At sunset, I’d take the coming-of-age oath, and by the time the five moons had risen, I’d have sentenced myself to death.

For the tenth time, I attempted to wind my hair into an elaborate knot, but the long black strands slipped and fell. I threw my brush on the floor and took a long breath. The scent of roses, sweet and strong, filled my nostrils, but did nothing to calm my thoughts. I shoved open my balcony doors. Above, two of our moons peeked over the western horizon of this planet so different from our homeworld, the place the humans once called Earth.

That was before the Raphient telepaths destroyed it.

Below my balcony, healers with dark robes and darker expressions moved between banquet tables smothered in a food and flower invasion. White floral ropes led to the raised platform where I’d take the oath. A small banner, left crooked across the platform, read, “Wellness and peace to Princess Serenity.”

On one of the patios, a healer elder named Jasen paced, hands crossed over his bony chest, black silk robes swishing. The setting sun slashed red across his face. He glared toward where I stood on my third-floor balcony, his face scrunched up like an old man’s gnarled fist. “What a waste, throwing a party for that half-breed mongrel.” His words rang out. He wanted me to hear.

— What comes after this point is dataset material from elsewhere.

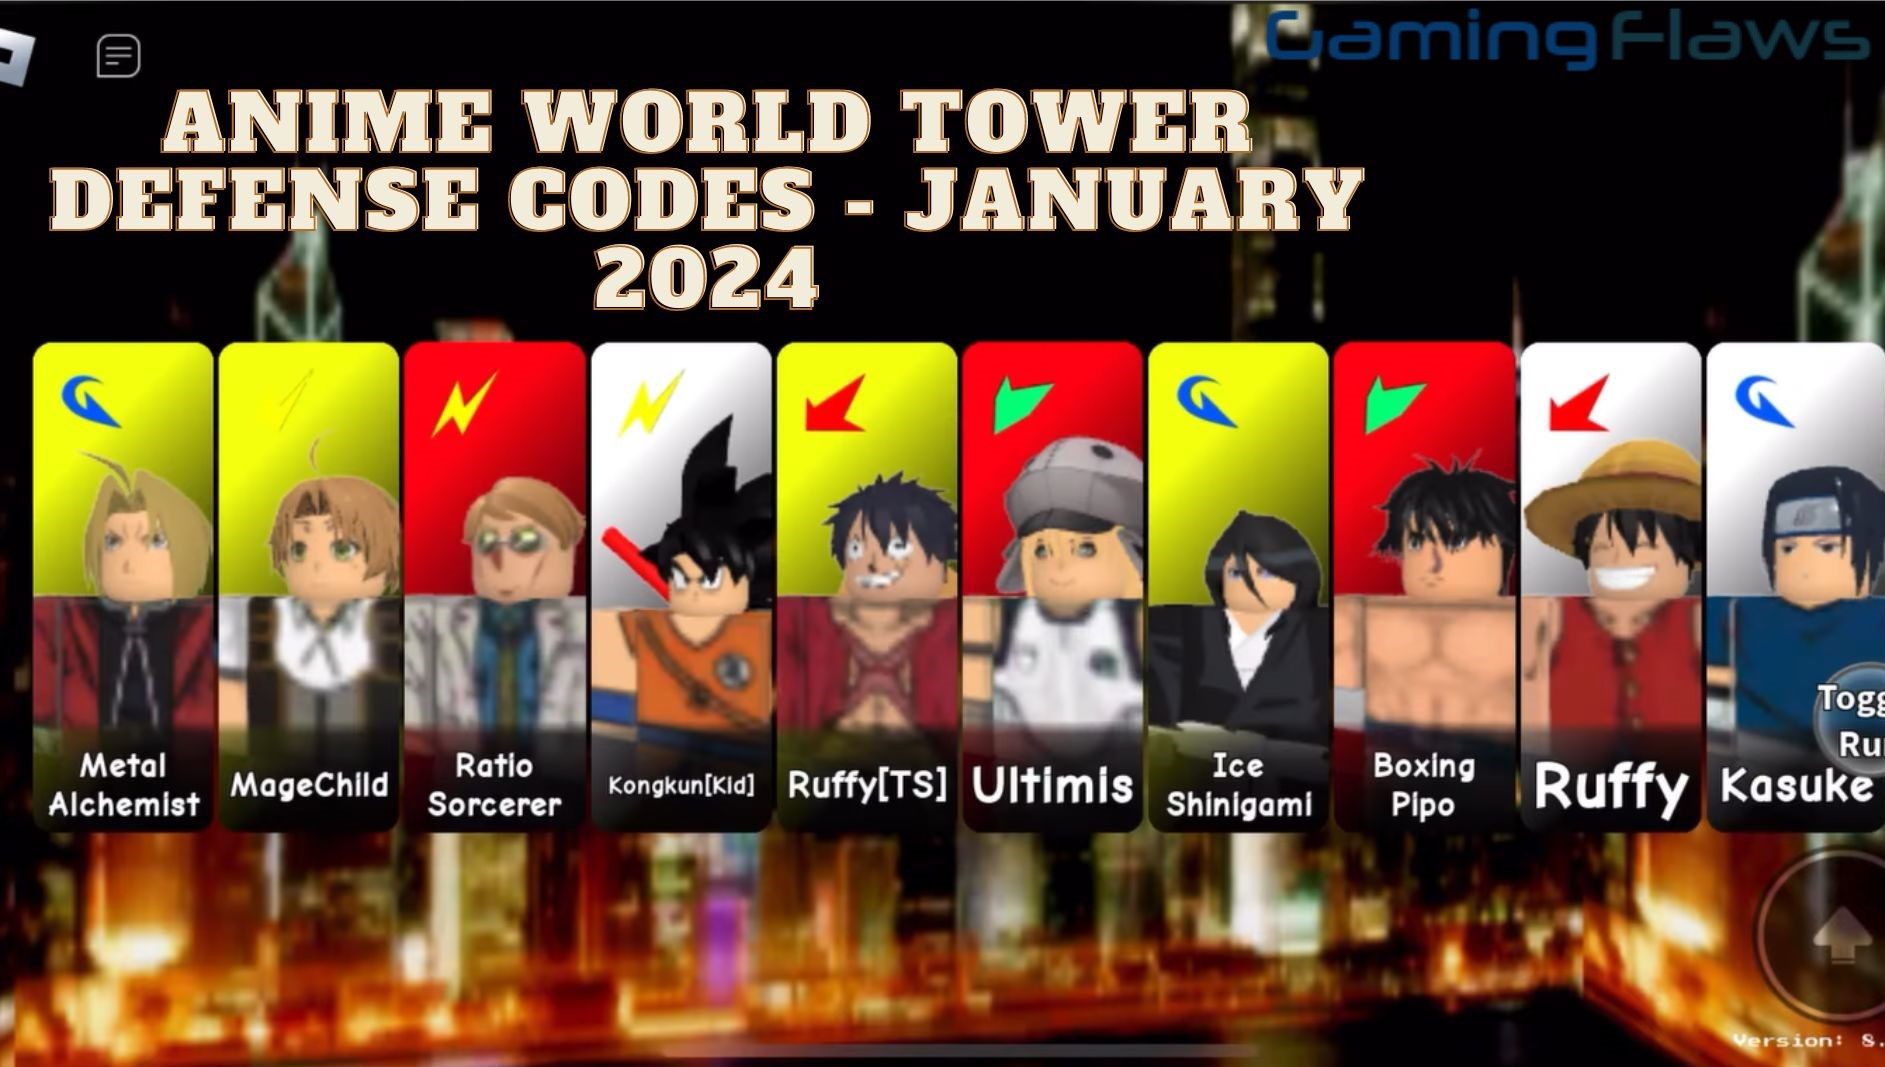 Anime World Tower Defense Codes - January 2024

I’d grown accustomed to Jasen’s hatred, but the word mongrel burned like hot metal down my throat.

“Shouldn’t you be dressed?”

Behind me, Master Eli, my protector, teacher, and sometimes warden, pushed open my door, his wide shoulders filling the door frame. Not waiting for my answer, he strode past the marble fountain in the center of my room toward my desk, footfalls silent on the stone floor, posture as stiff as his forest-green warrior uniform.

He looked over my bed, probably making sure I’d pulled the covers military straight. A band secured his platinum hair in a tight tail and a broadsword loomed over his shoulder. Unlike the healers who thought of carrying a sharp pencil as living dangerously, Nadiv warriors accessorized with weapons, the deadlier the better.

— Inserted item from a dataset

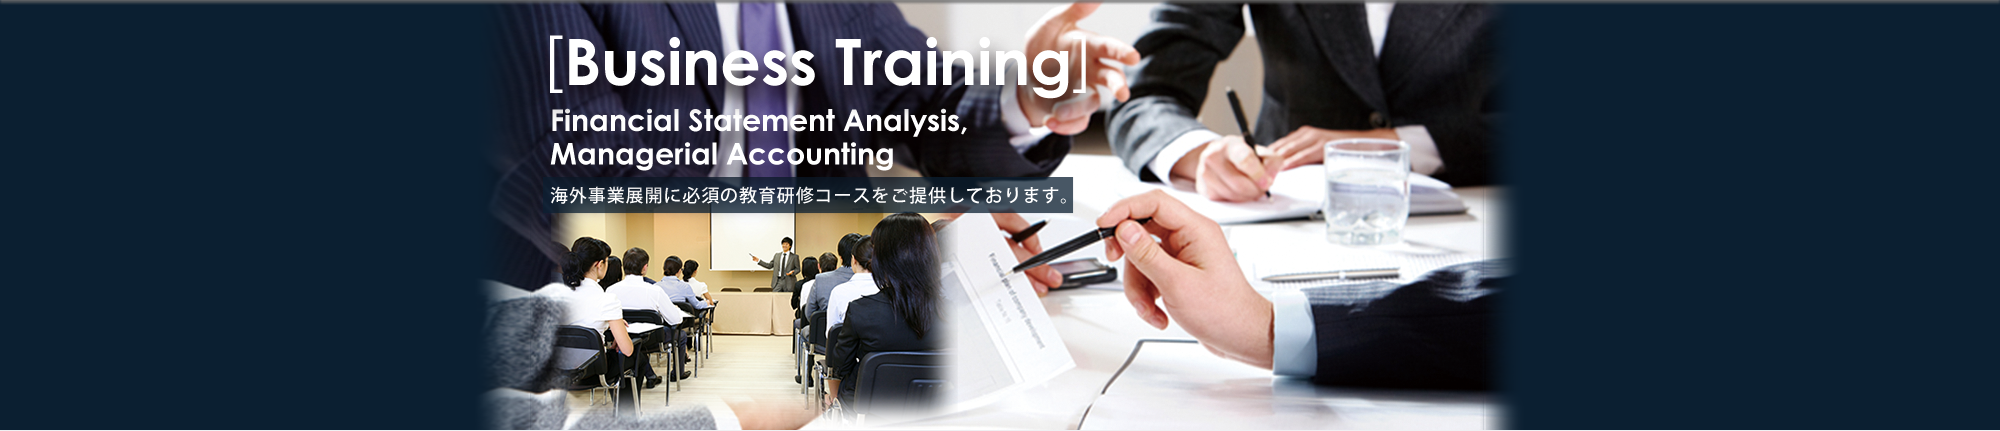 [Business Training] Financial Statement Analysis, Manegerial Accounting 海外事業展開に必須の教育研修コースをご提供しております。

Master Eli didn’t need weapons to look imposing. His stern expression and muscular stature towering eight inches taller than my five-foot-six frame took care of that.

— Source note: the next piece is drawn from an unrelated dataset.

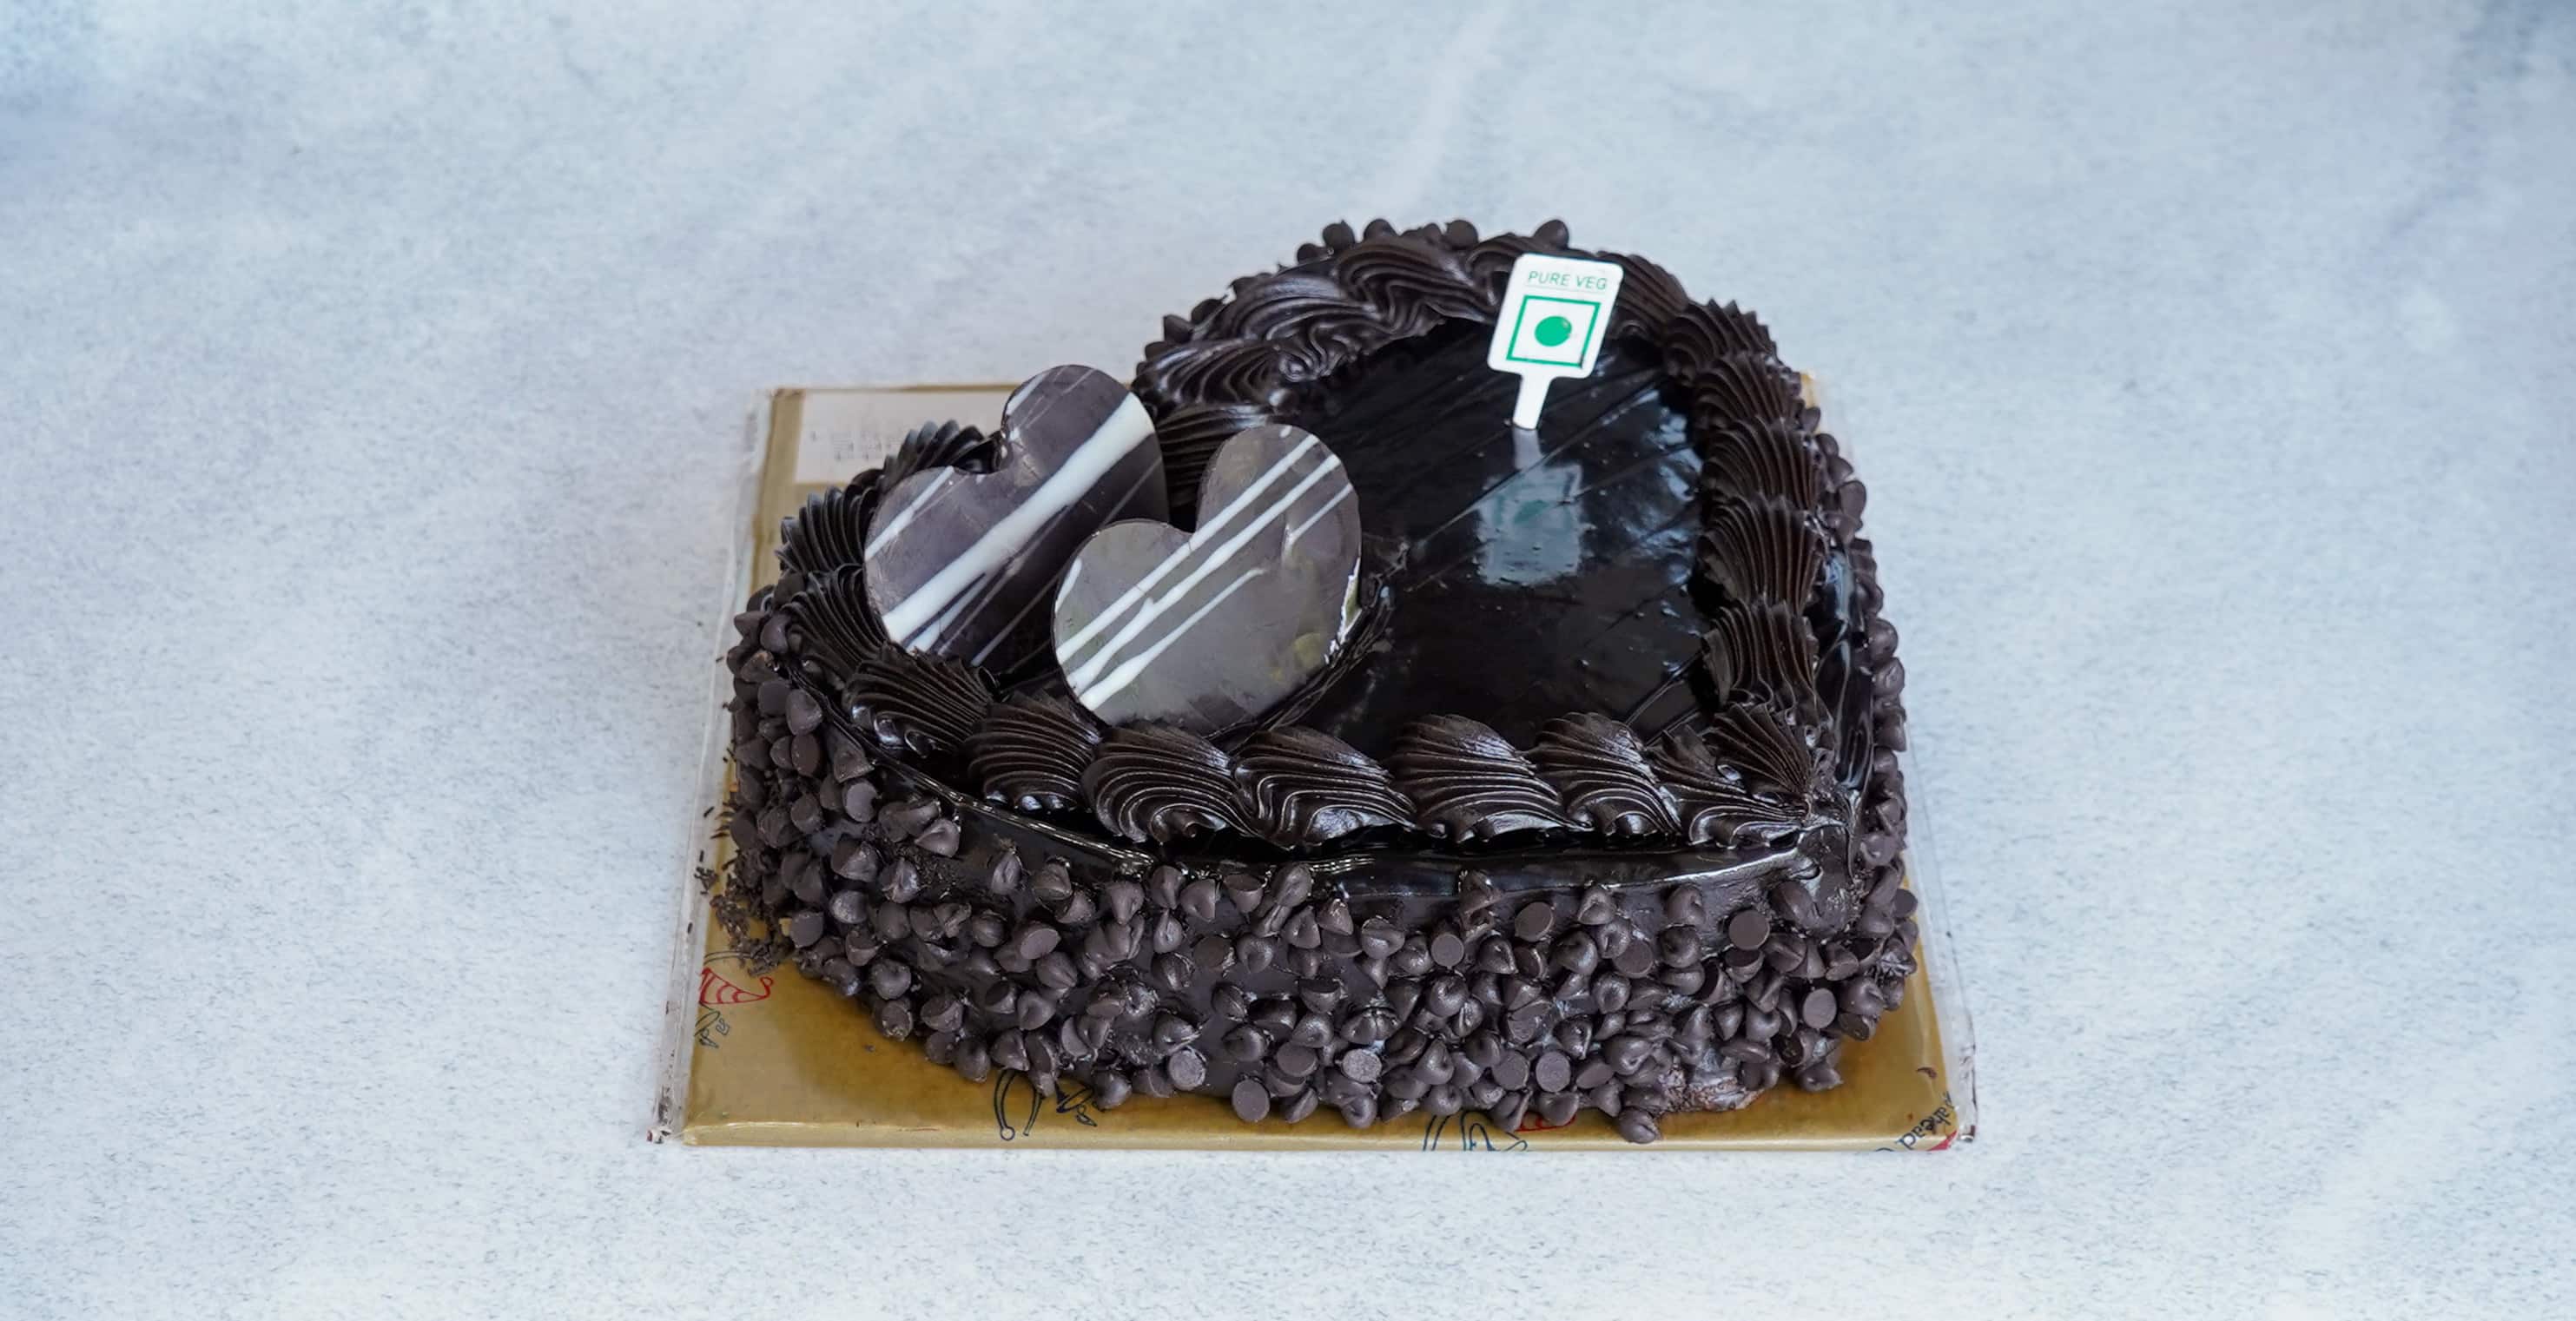 Reviews of 6 Muffiins The Cake Shop, Baner, Pune | Zomato

I said, “You know I don’t want this ceremony,” and glanced back at the palace grounds, so beautiful, so filled with hate.

Another healer stomped past Elder Jasen, yanking on tablecloths, slamming down silverware. She paused to pat around her perfect bun, as if the strain of decorating caused her black hairs to stray. A tray of sliced meat must have vexed her because she shoved it aside and knocked several pieces to the ground.

A voice bubbled into my mind like a fizzy drink. "Hungry. Smells good."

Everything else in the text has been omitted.